Brooklyn’s working men flock to late night barber shop
PEARL GABEL FOR NEW YORK DAILY NEWS
A Crown Heights barber shop makes its bucks churning out late night cuts attracting hard working guys squeezing in time to stay fresh.
Experience Unisex Salon is open till 1 a.m. most days, and up to 5 a.m. on busy weekends, drawing customers after they leave the construction yard, stationhouse, courtroom, and other non nine-to-five jobs.
“A shop like this is a savior,” said co-owner Khalil Wright, 37, one of a trio of barbers at the 740 Franklin Ave. shop. “A lot of people don’t get off work till nine or ten o’clock. We get all works of life – bartenders, correction officers, music industry people, teachers, lawyers, doctors. People come all the way from New Jersey just to get their haircut here,” Wright said. The five-year-old salon’s business model centers around male night owls. Two more stylists share the space doing women’s hair, but they typically leave well before midnight.
The barbers roll in during the afternoon prepared to stay until the last customer is happy with his ‘do. “I work until the money stops,” said barber Erik Ryan, 39, whose clients frequently wait an hour to sit under his clippers. Wait times are similar for Wright and fellow cutter Hameen Barnes.
“I would follow this man around the world,” said B-train motorman Aikido Sticatto, 36, who visits Ryan once a week, usually after 10 p.m. “The children are sleeping. I can get away from my wife.”

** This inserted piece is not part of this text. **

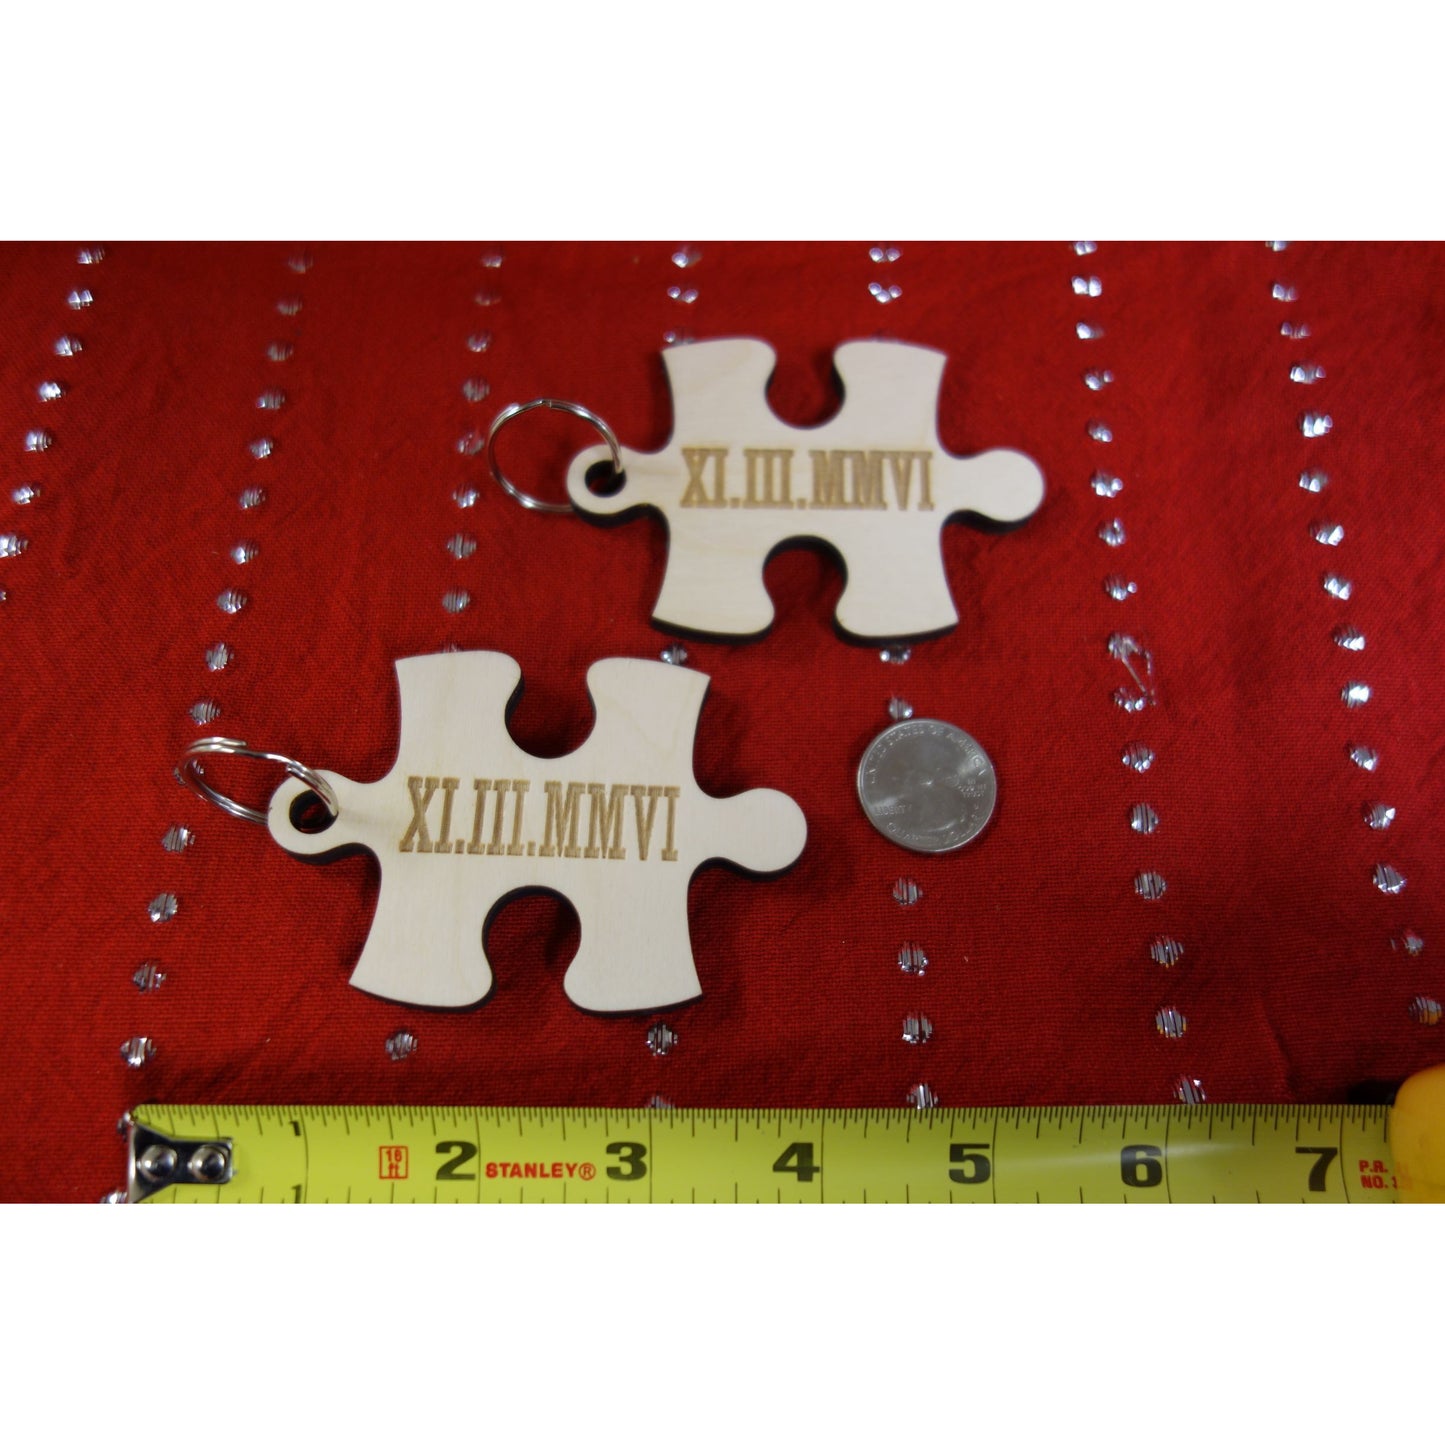 NEW: Personalized Wood Puzzle Piece Matching Key Chain Roman Numeral Date
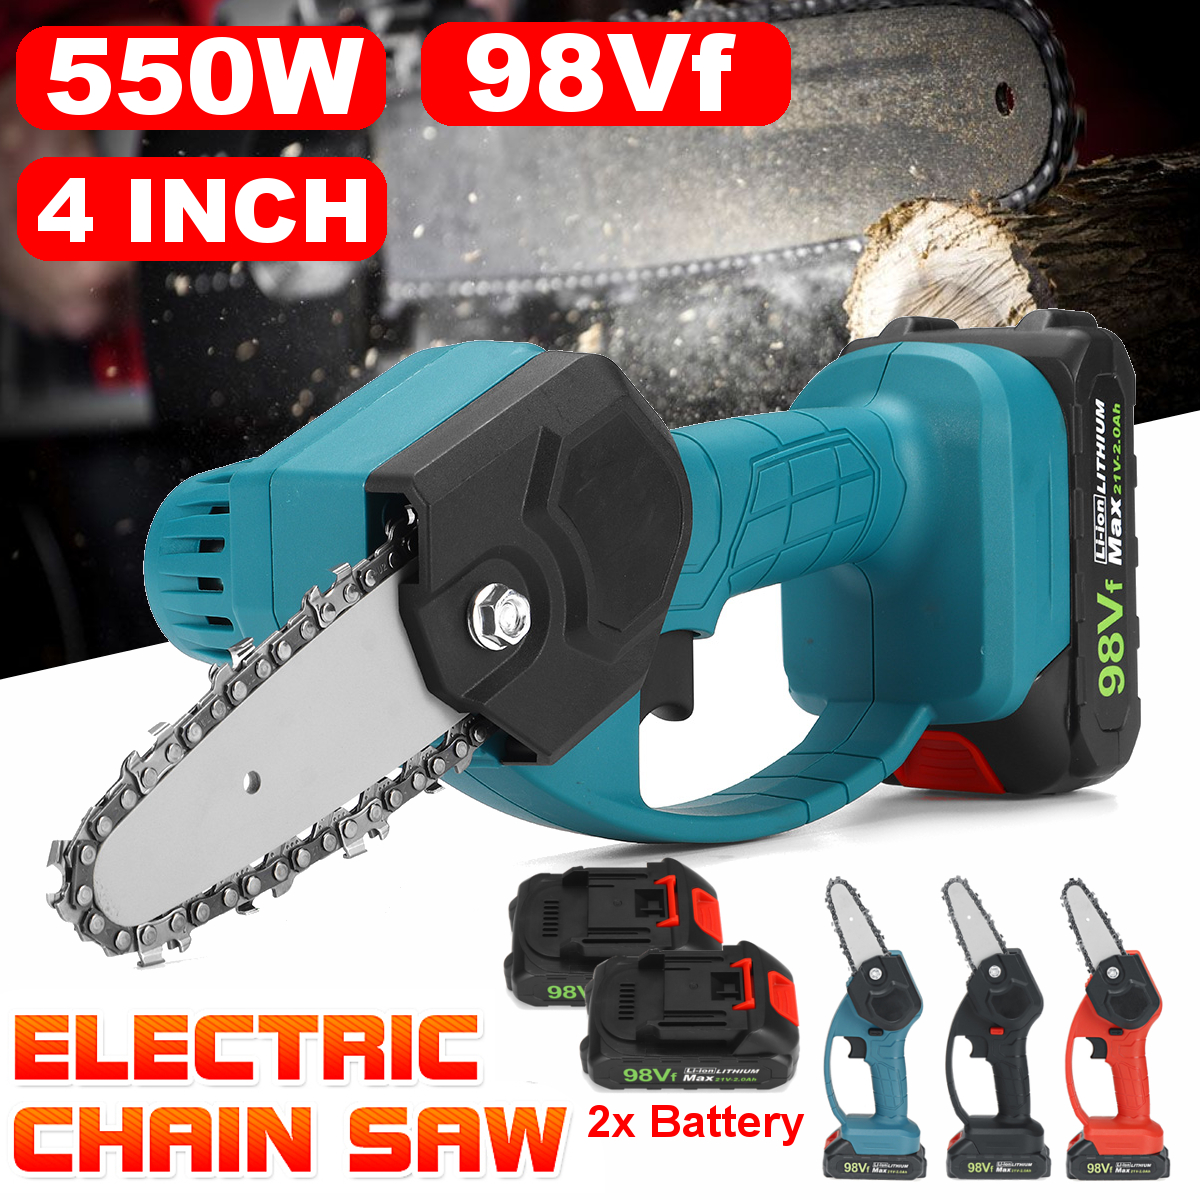 550W-21V-4inch-One-Hand-Woodworking-Electric-Chain-Saw-Wood-Cutter-Cordless-1807129-1

Sticatto plans to start taking his toddler son to Experience hoping to pass on the importance of having a good barber shop on to his kid.
“It’s a tradition. It’s giving my son something that’s a part of me,” Sticatto said. After-hours bonding is typical at Experience. Freshly groomed men linger around watching the shop’s two 42-inch flat screen televisions blasting either a sports game or a male favorite film like “Goodfellas.” “They are my friends. I always come in and say hello,” said car mechanic Junior Goberdhan, 40. “I got to know them. They have character. It takes a special person to be a barber.”
The trimmers said they often moonlight as therapists talking to customers about marriages, children, and careers. “A barber is like a bartender. You can talk to a bartender about anything. We hear a lot of secrets,” Wright said. “If you have a barber, you will develop a personal attachment.”